Virginia's Home Instruction Statute offers four distinct pathways for qualifying as a home instructor. Most families use Option 1 (holding a high school diploma), but Option 3 — the distance learning or curriculum-based pathway — is specifically designed for families who want the structure and external credentialing that a satellite school or correspondence program provides. Understanding what qualifies, what documentation it generates, and how to file correctly can remove significant administrative uncertainty.

What Virginia's Option 3 Actually Is

Under § 22.1-254.1, Option 3 allows a parent to qualify as a home instructor by providing their child with "a program of study or curriculum which may be delivered through a correspondence course, a distance learning program, or in any other manner."

The documentation requirement for filing under Option 3 is straightforward: you submit evidence of enrollment with your Notice of Intent. Acceptable evidence includes a letter of acceptance from the program, an enrollment confirmation, or a receipt of curriculum purchase. You do not need to submit the curriculum itself, a scope and sequence, or detailed lesson plans — just proof that you are enrolled in or using a recognized program.

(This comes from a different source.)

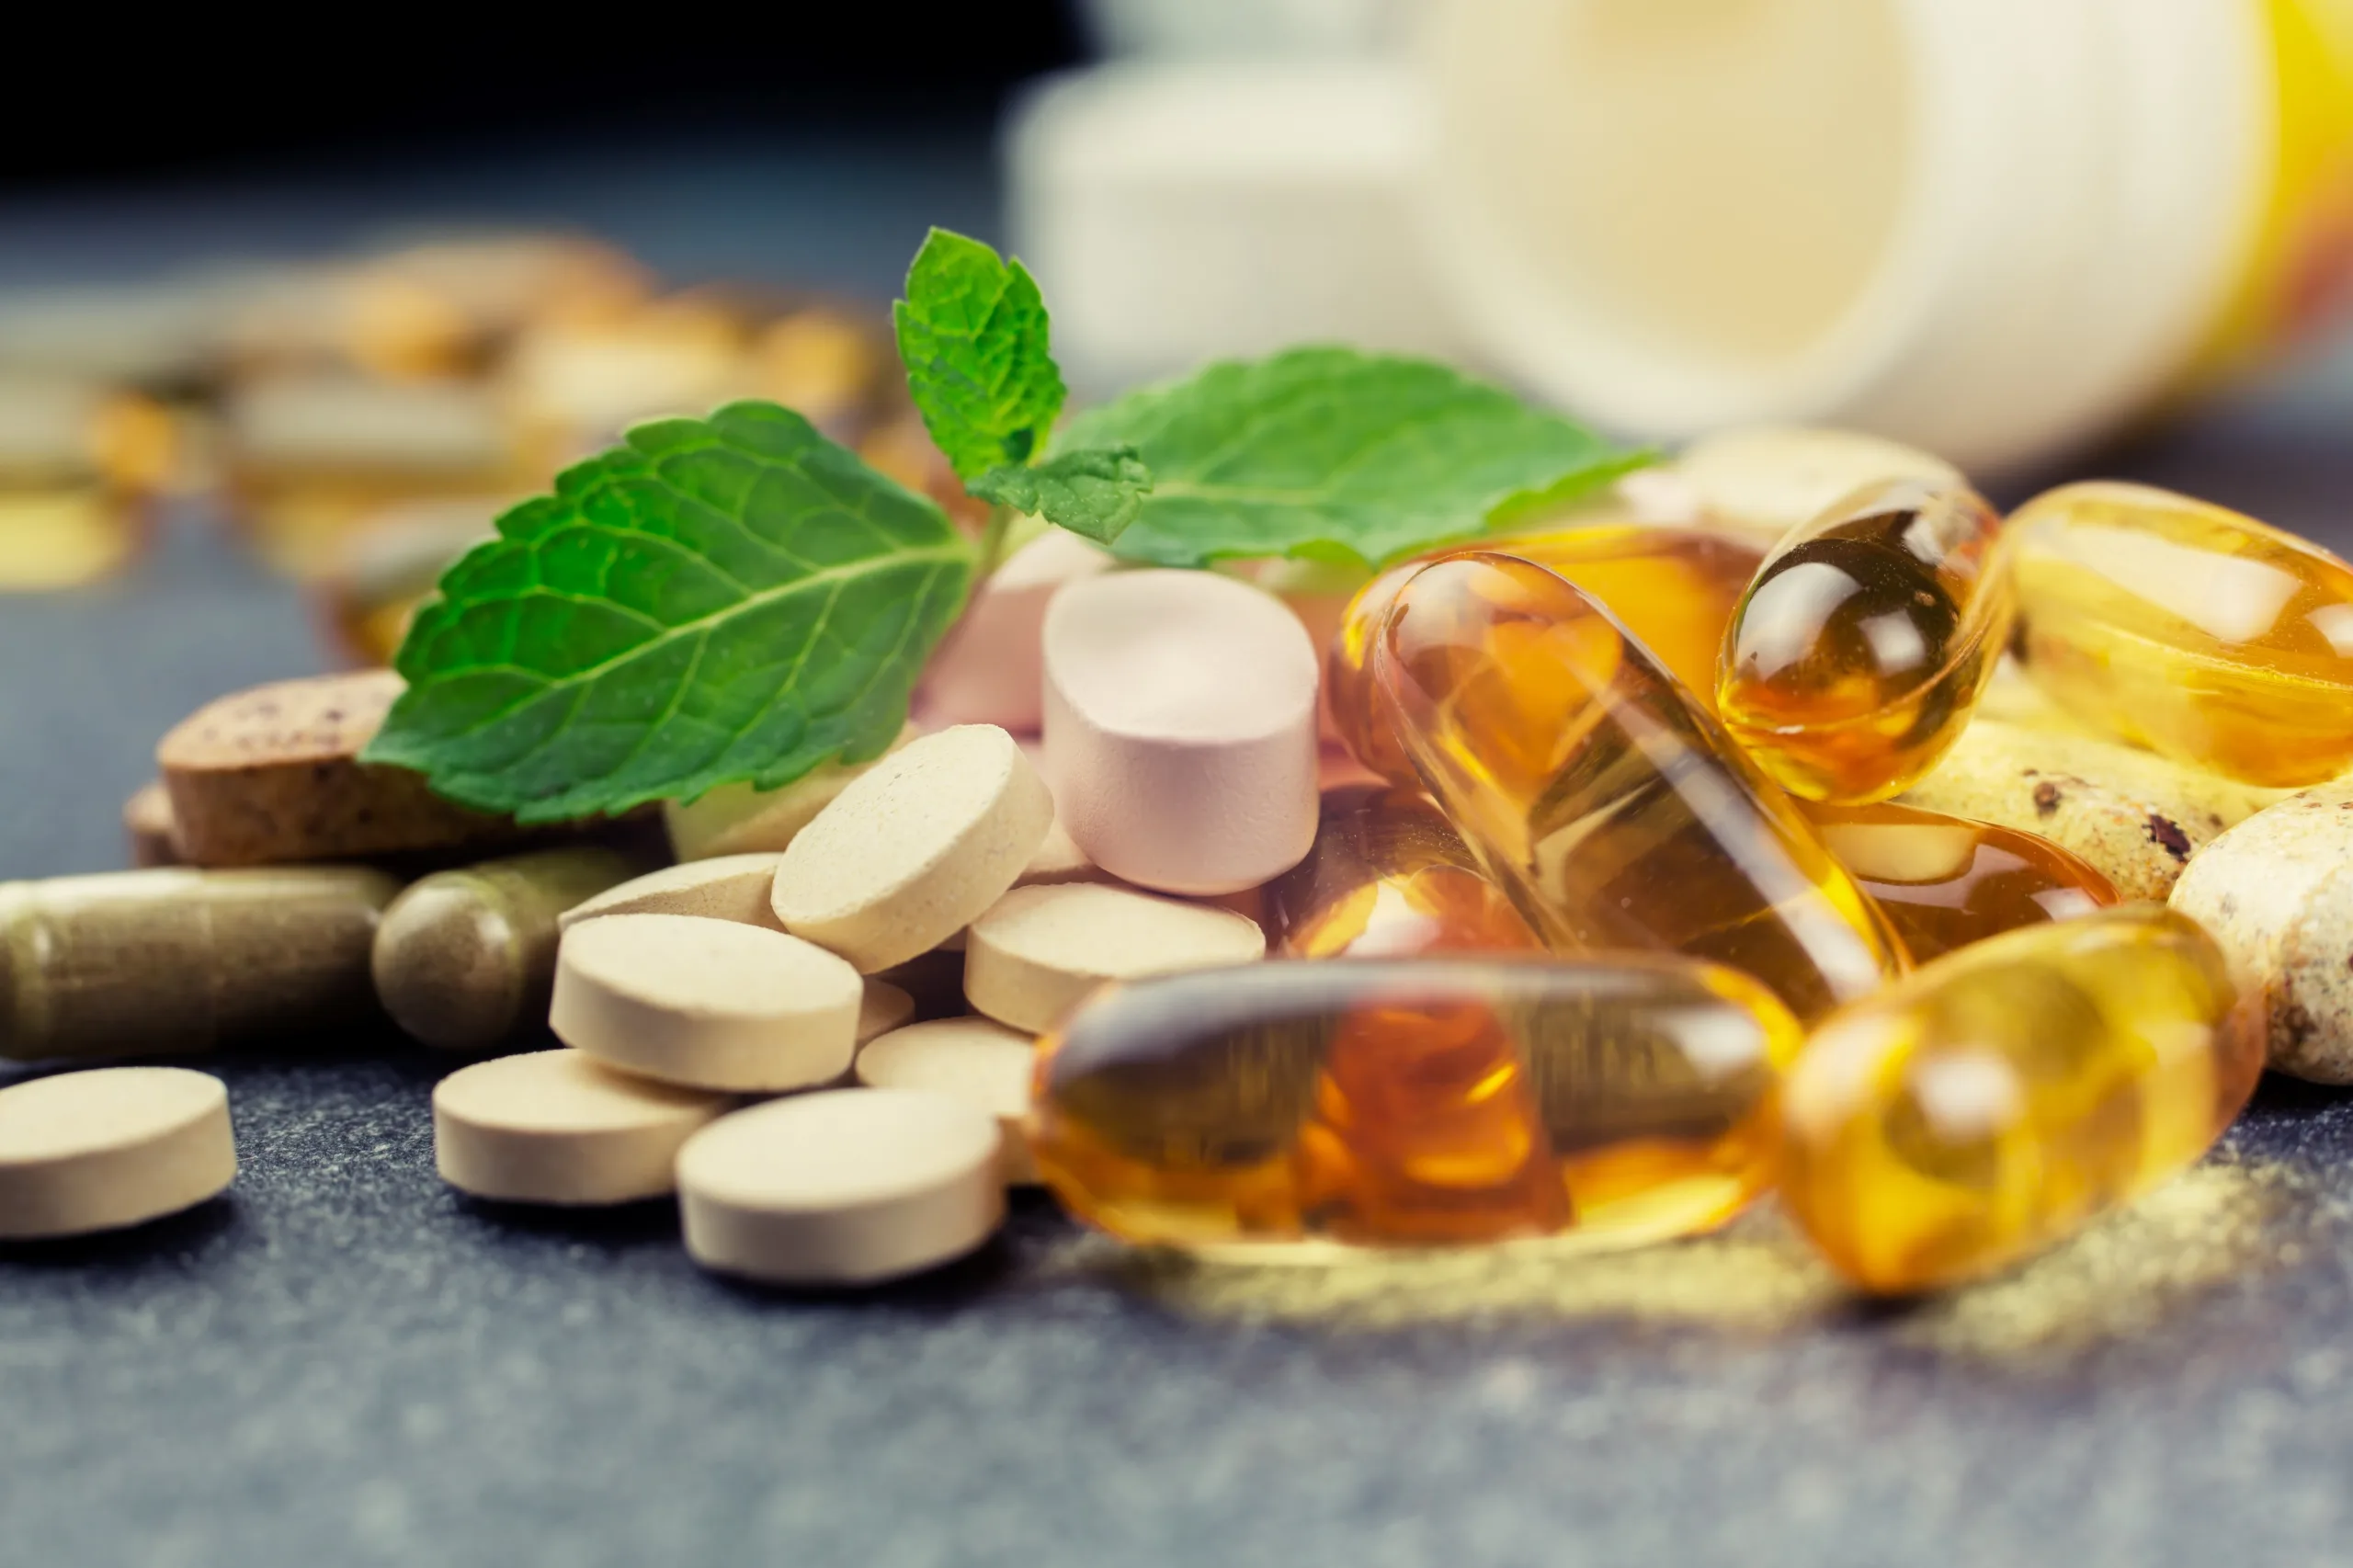 Dysphagia Supplements Market Challenges and Opportunities (2022-2030) - guestts

This pathway was designed for exactly the kind of arrangement that satellite homeschool programs provide: a family that has signed on with an accredited or structured outside organization that handles the educational framework, grading, and often credentialing, while instruction happens in the home.

What Counts as a Satellite or Distance Learning Program

In Virginia practice, satellite homeschool programs typically fall into a few categories:

Accredited distance learning schools. Programs like Calvert Education, Oak Meadow, The Keystone School, and Bridgeway Academy are full academic programs that provide curriculum, record-keeping, and grade transcripts to enrolled families. When the family files their NOI under Option 3, they submit the enrollment confirmation. When it comes to end-of-year evidence of progress, the accredited school's official grade report or transcript often satisfies the requirement independently — an accredited transcript carries strong evidentiary weight.

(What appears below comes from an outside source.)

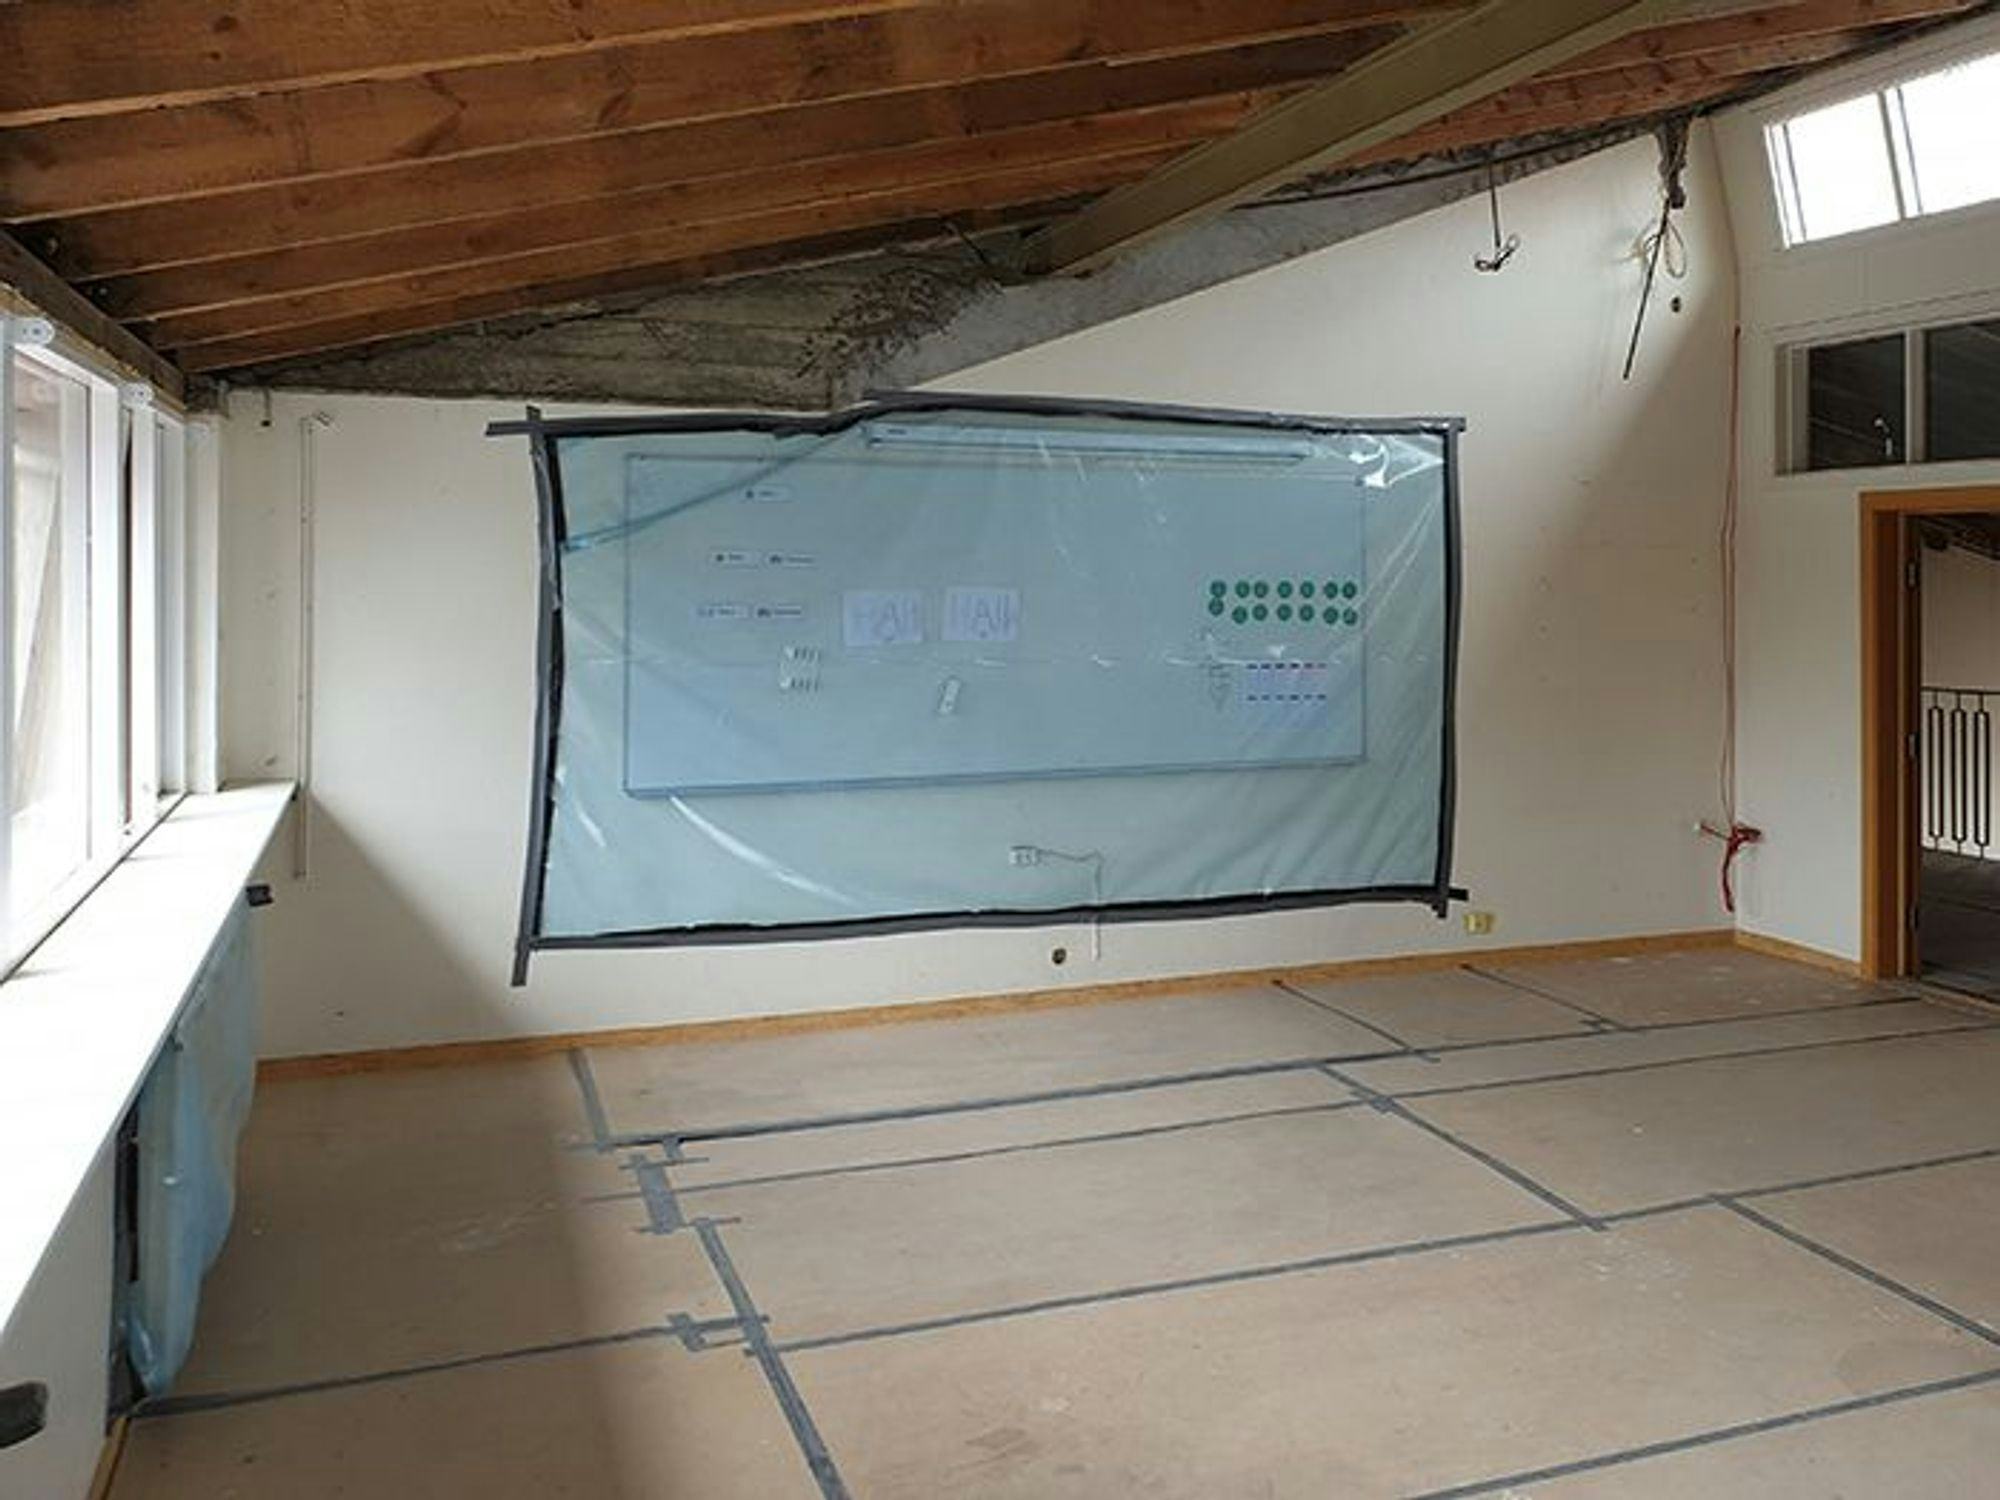 an interior space of a room under construction, with insulation material visible

Online academies. Programs like Connections Academy Virginia (a public charter school that is free to Virginia residents), Virtual Virginia, and Khan Academy Schools exist in different regulatory categories. Connections Academy Virginia and Virtual Virginia are technically public school programs, which means families enrolled in them are not considered to be homeschooling under the Home Instruction Statute at all — the school handles all compliance. Families using private online academies (like Laurel Springs School or CompuHigh) are operating under Option 3 and handle their own NOI filing.

Correspondence programs. Traditional correspondence programs — curricula delivered by mail or digital download with a provider that assigns grades and tracks progress — also qualify under Option 3. Providers like BJU Press Distance Learning, Abeka Academy, and Alpha Omega Switched-On Schoolhouse function as curriculum providers that can generate grade reports suitable for evidence of progress documentation.

Parent-selected curriculum packages with receipt. Here is where many families are surprised: if you purchase a curriculum package — even from a publisher that does not enroll your child formally — and can produce the purchase receipt, that may qualify as documentation of a curriculum under Option 3. However, this interpretation is less standardized across Virginia's 133 school divisions, and some divisions will press for more formal enrollment documentation. Using a program that generates an official enrollment letter removes any ambiguity.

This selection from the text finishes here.